THE PROBLEM: What you output must match the entries exactly, apart from the pictures, which are left out.

(Collected data)
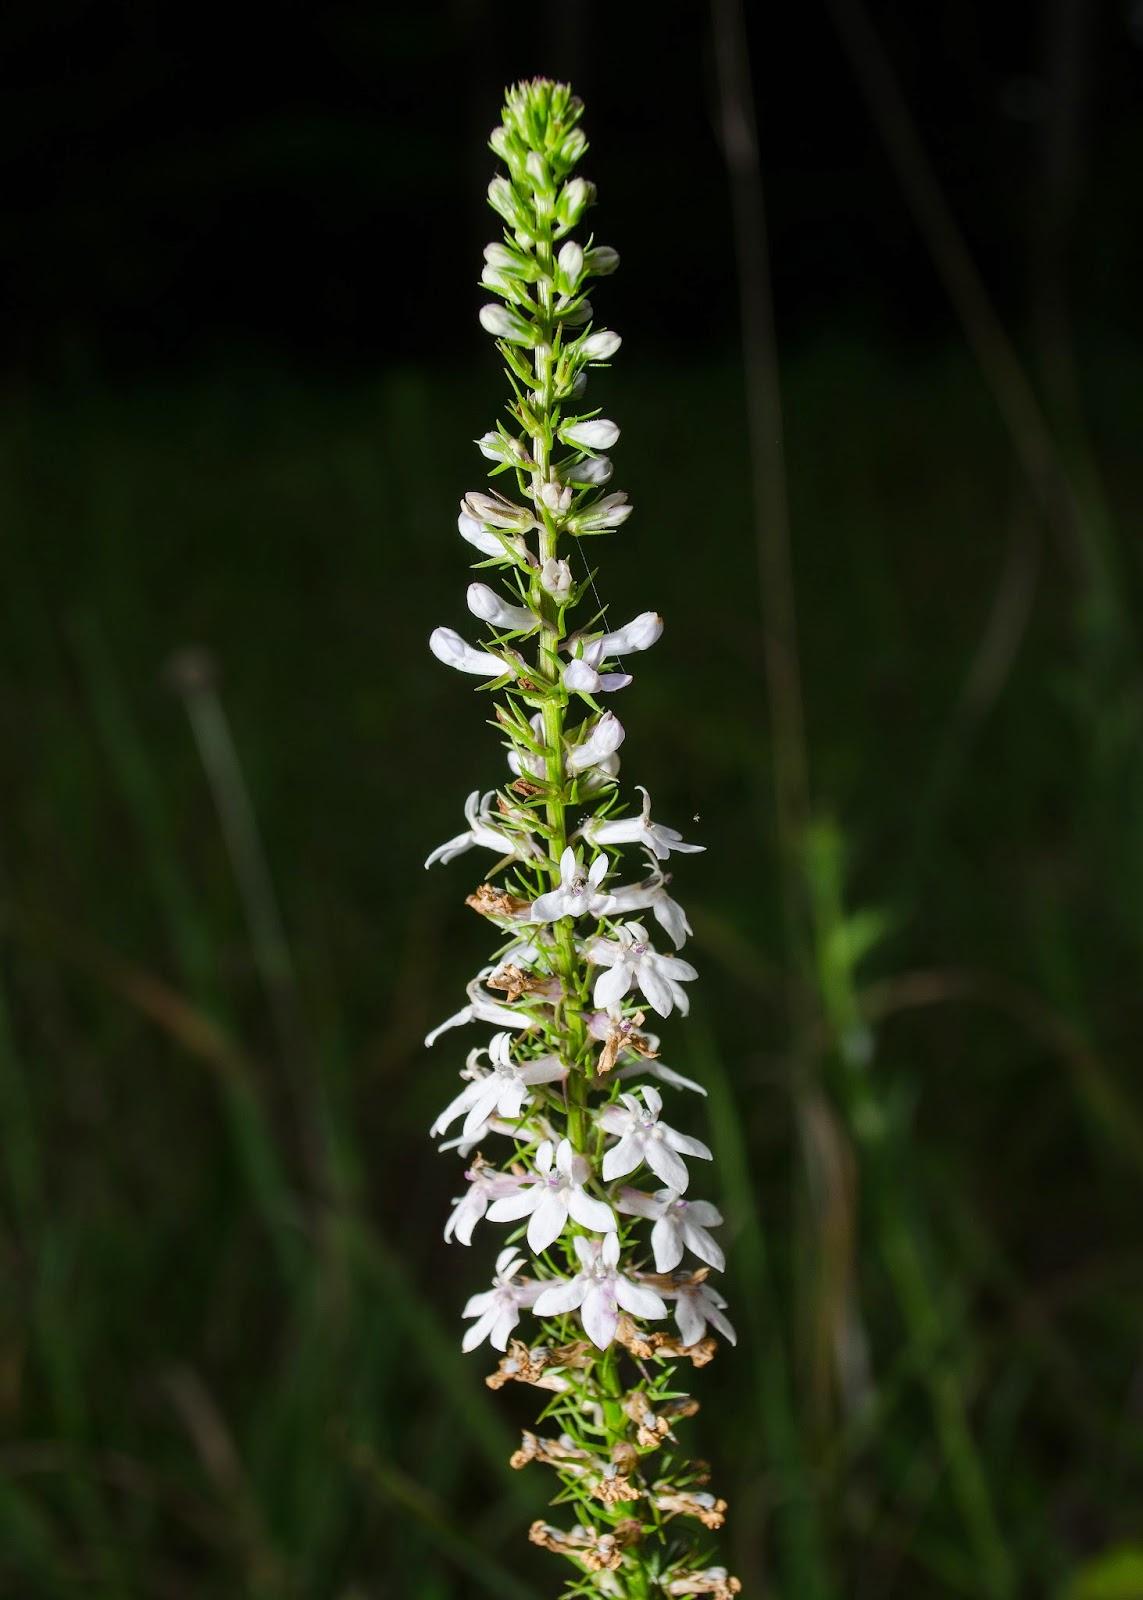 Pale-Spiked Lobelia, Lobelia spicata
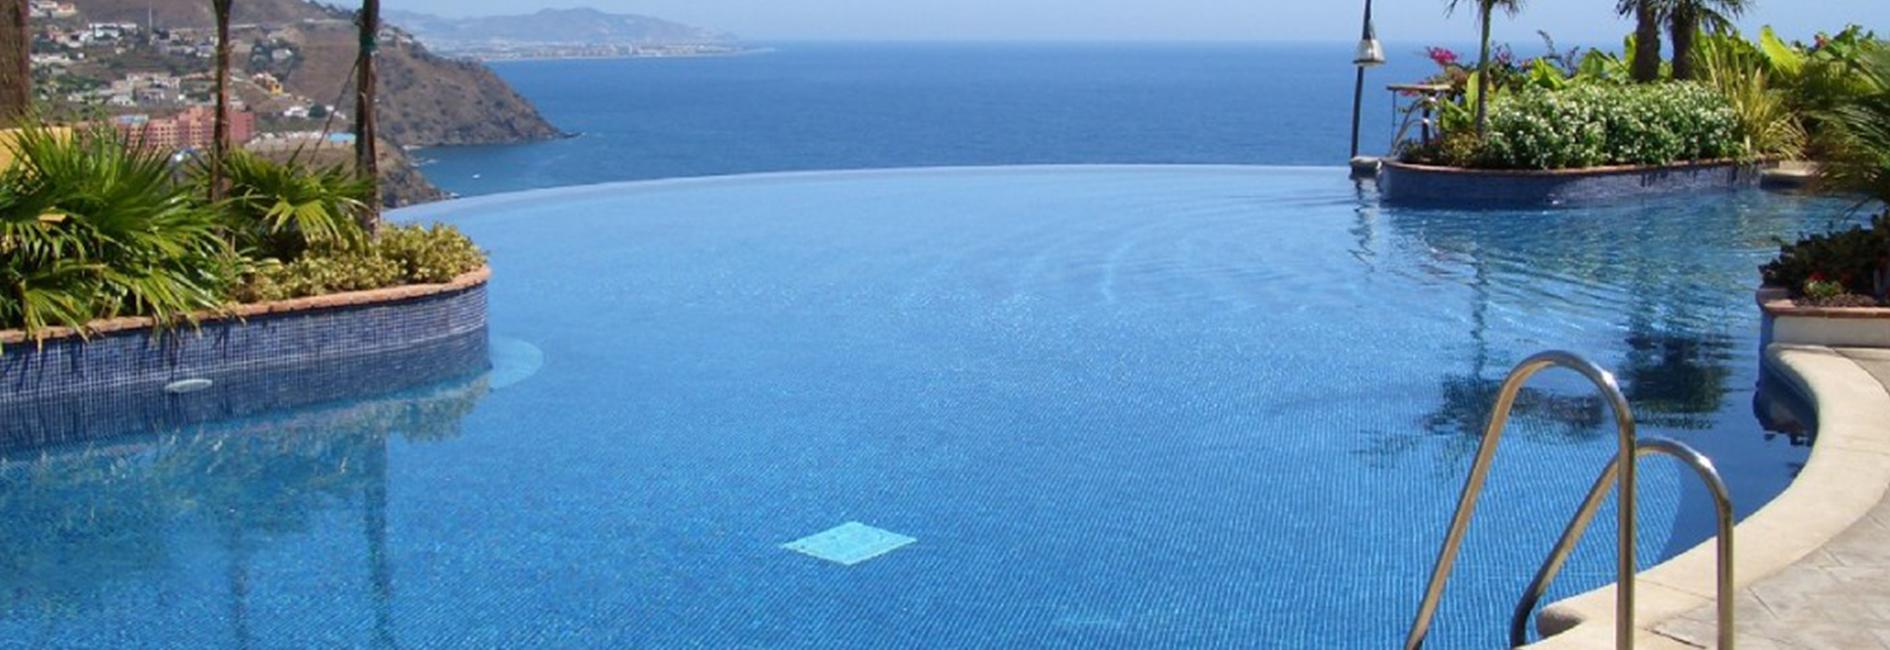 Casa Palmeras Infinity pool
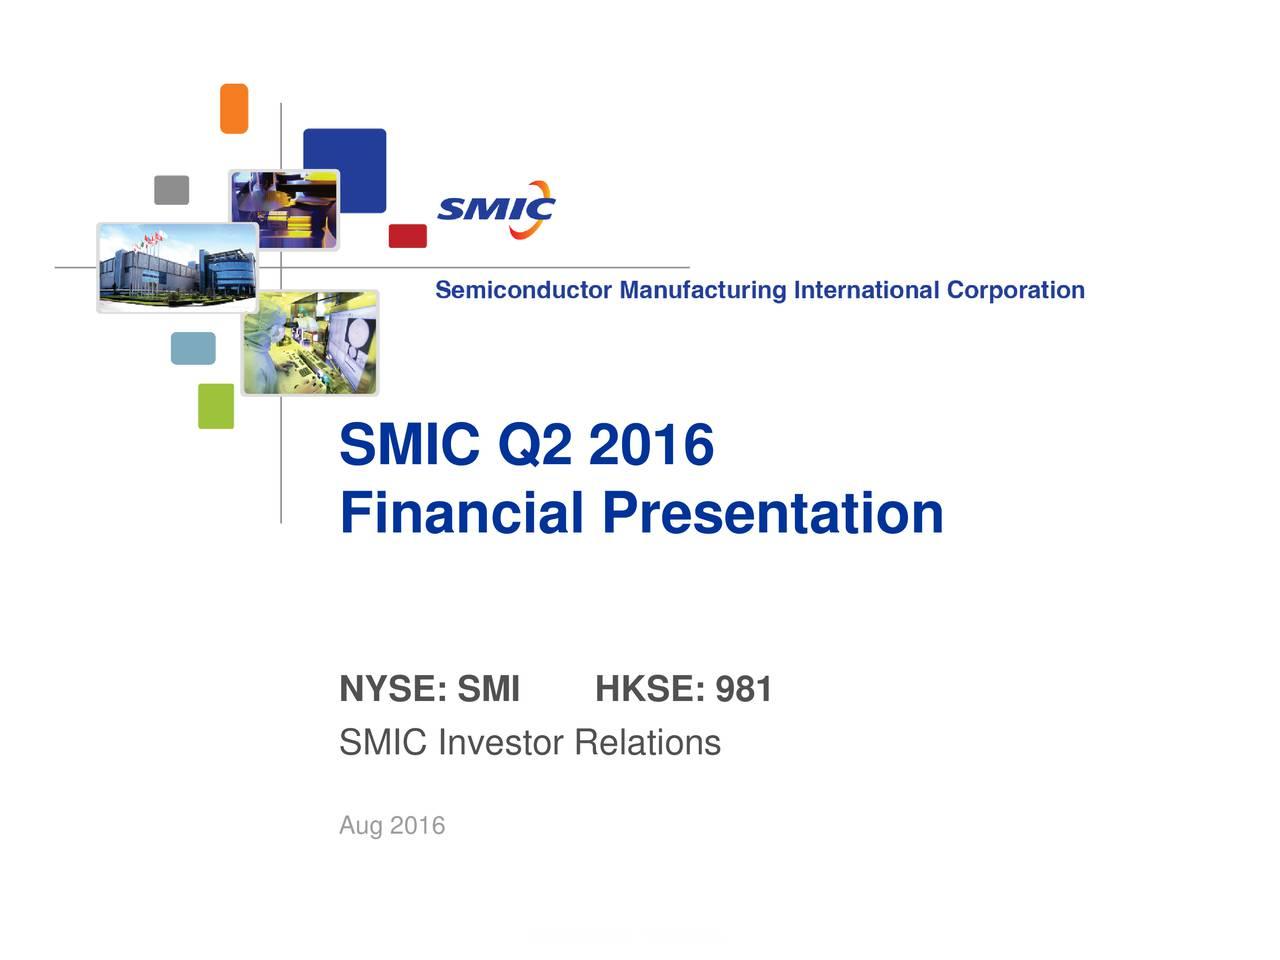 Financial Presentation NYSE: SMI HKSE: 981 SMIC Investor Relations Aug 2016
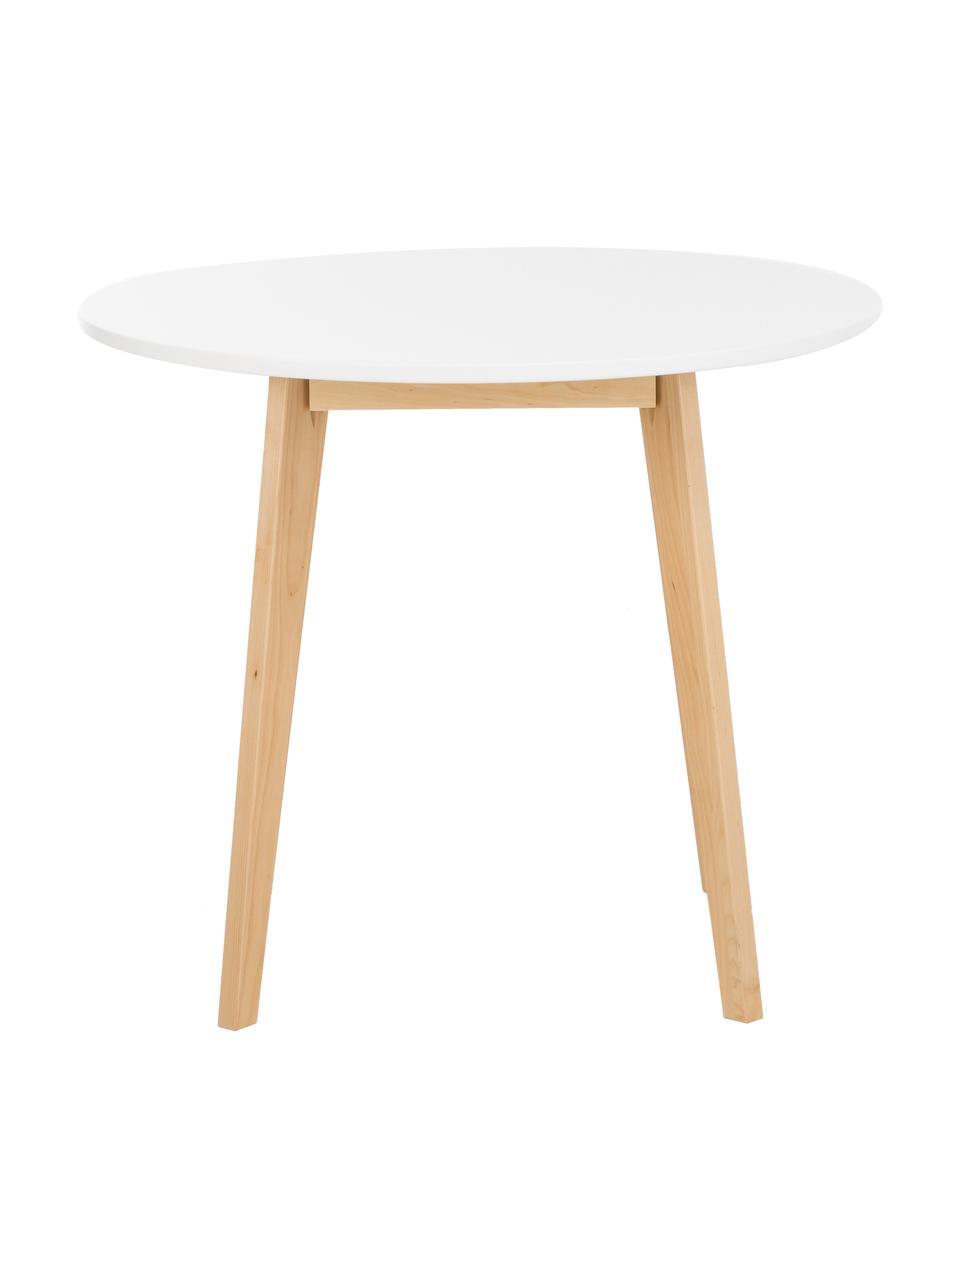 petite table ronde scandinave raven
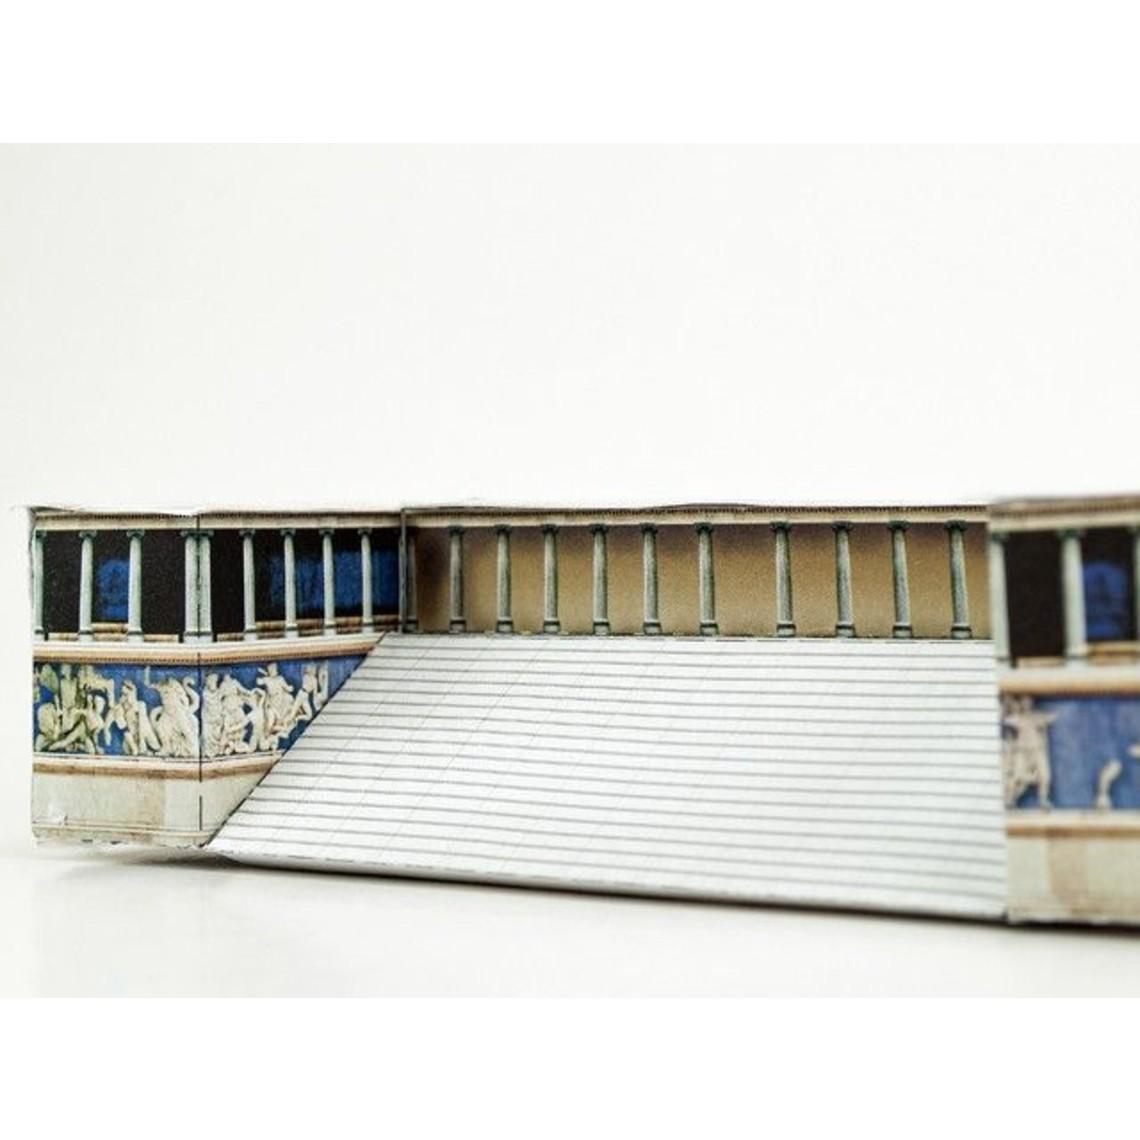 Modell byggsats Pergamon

EXERCISE RESPONSE:
 Pale-Spiked Lobelia, Lobelia spicata
 Casa Palmeras Infinity pool
 Financial Presentation NYSE: SMI HKSE: 981 SMIC Investor Relations Aug 2016
 petite table ronde scandinave raven
 Modell byggsats Pergamon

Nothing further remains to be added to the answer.